Activation of the B1 receptor in pre-implanted tumor cells decreases tumor formation and peritumor inflammatory infiltrate in vivo
To evaluate the role of the B1 receptor in tumor progression in vivo, we stimulated Tm5 melanoma cells in vitro with DABK, the B1 receptor agonist, prior to implantation in mice [16]. While approximately 80% of the animals that received non-treated control cells developed tumors up to 28 days after implantation, only approximately 40% of animals that received DABK-treated melanoma cells developed tumors (figure 3A). In other words, more than 60% of the animals from the DABK-treated group remained tumor-free during this period. Indeed, we monitored tumor size daily from non-stimulated and DABK-stimulated Tm5 melanoma cells engrafted in mice and as seen in figure 3B the growth curves of the control and DABK-tumors are quite different. Although tumors in both groups appear at a similar time-point, DABK-tumors are markedly smaller than control tumors. Likewise, at day 28 after cell implantation, the average tumor mass in the control group was 1.2 g, while in DABK-treated group, the average tumor mass was 0.2 g (figure 3C). The histopathological analysis of the tumors from both groups revealed significant changes in the stroma of the control group but minor changes in the DABK-stimulated tumors (figure 3D, dashed line). Because previous studies have shown that a high number of infiltrated inflammatory cells correlates with a poor prognosis in melanoma [41], we decided to assess whether tumors from DABK-stimulated cells had a lower number of infiltrated immune cells. As shown in figure 3E, there are significantly fewer macrophages, neutrophils and lymphocytes in the area surrounding the tumor in the DABK-stimulated tumors. Nonetheless, even with fewer immune cells, the tumor that originated from the DABK-stimulated cells had higher levels of IL-6 and IFN-γ mRNA (figure 3F), which are pro-inflammatory cytokines known to be important in the anti-tumor immune response [42].

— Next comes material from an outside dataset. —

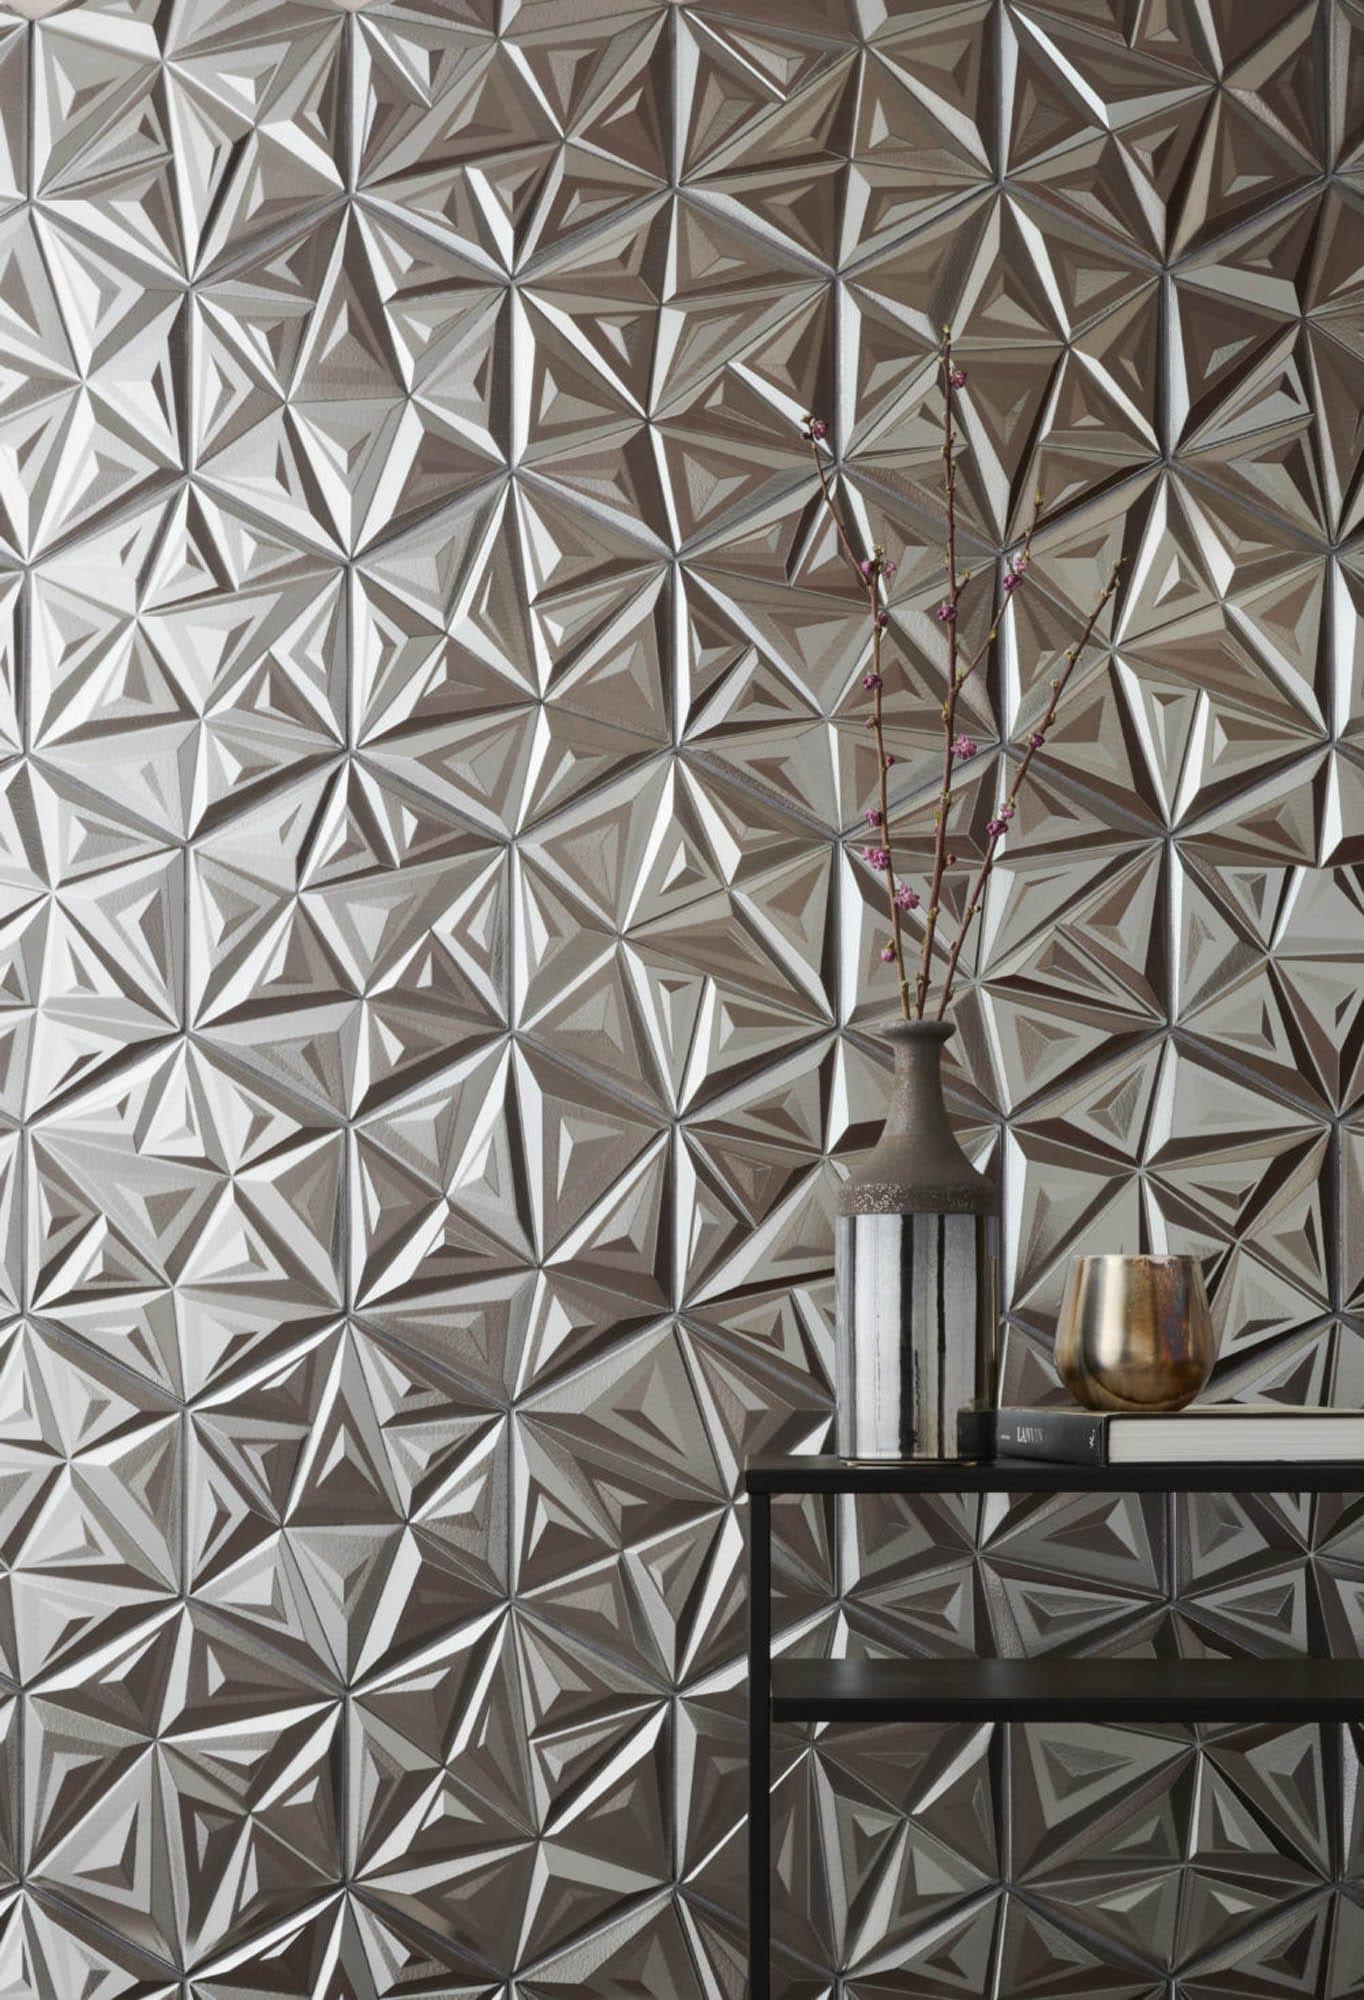 metallic sculptural tile

Melanomas generated from DABK-treated cells show decreased proliferation and vascularization in vivo
We next performed comparative histopathological analyses with tumor samples from the two groups (control and DABK-treated cells). Tumors generated from DABK-treated cells had significantly less mitotic cells and a poorer vascular network compared to tumors from the control group (figure 4A). Histological findings were further confirmed by immunostaining for proliferation and endothelial markers. In figure 4B, we show representative images and quantification of Ki67 staining in control and tumors generated from DABK-treated cells. The DABK-treated tumors show significant lower levels of Ki67 positive cells as compared to tumors from the control group. A similar scenario is seen in figure 4C, where we show that CD31 staining is also decreased in tumors originated from DABK-treated cells as compared to non-stimulated cells. The ability of tumor cells to grow and metastasize is related to their capacity to undergo morphological/functional changes that will enable those cells to become more motile. In this sense, we assessed expression levels of the adhesion molecule E-cadherin within the tumor mass as well as of TGF-β, a cytokine known for regulating key steps on motility of epithelial cells by inducing EMT. As shown in figure 4D–E, tumors originated from DABK-stimulated cells have higher E-cadherin mRNA levels and lower TGF-β mRNA levels, which correlates with impaired migration capability observed in vitro (see figure 2). These results suggest that in addition to impairing primary tumor growth, B1 receptor activation could also play a role in inhibiting metastasis.
Activation of the B1 receptor in melanoma cells decreases metastasis and increases animal survival
To address whether B1 receptor activation plays an inhibitory role in tumor progression and metastasis, we performed histopathological analyses that revealed extremely aggressive features in tumors generated from Tm5 melanoma cells. These cells do not show a well-established capsule and frequently invade surrounding tissues, as shown in figure 5A. Moreover, we also observed spontaneous lymph node metastases in 75% (9/12) of the control mice (figure 5B, inner panel and 5A). Conversely, tumors from DABK-treated cells presented a clear capsule delimitating tumor borders, and we did not observe any invasion into the surrounding tissues, as shown in figure 5A, or any lymph node metastases (0/12) in animals implanted with DABK-treated tumor cells (figure 5B).
To evaluate the possibility of late and recurrent onset of disease, we monitored survival up to 150 days after control or DABK-stimulated cell implantation. Strikingly, we observed that animals that did not developed a tumor within the first 30 days after implantation with DABK-stimulated cells were still alive and tumor-free after 5 months, while 100% of animals that received control cells had to be euthanized as late as the beginning of the second month (figure 5C).
Discussion
The kallikrein-kinin system has a pivotal role in inflammation and vascular permeability systemically. However, many new pathophysiological functions have been attributed to this system since it has been discovered that most of the components of the system can have a local role in different organs, including brain [43]–[45]. The kallikrein-kinin system role in cancer is far from being completely understood, even though the prostate-specific antigen (PSA), which is currently a key marker for prostate cancer diagnostics [46], is in fact a kallikrein. Indeed, several other kallikreins have been described as potential biomarkers for tumor progression [47]–[48]. While recent studies started to uncover the underlying mechanisms by which the kallikrein-kinin system modulates tumor progression, mainly concerning to the B2 receptor, many aspects remain to be elucidated. In this study, we report that the kinin B1 receptor in the presence of its agonist (DABK) and in the absence of the B2 receptor plays a host protective role during murine tumor progression.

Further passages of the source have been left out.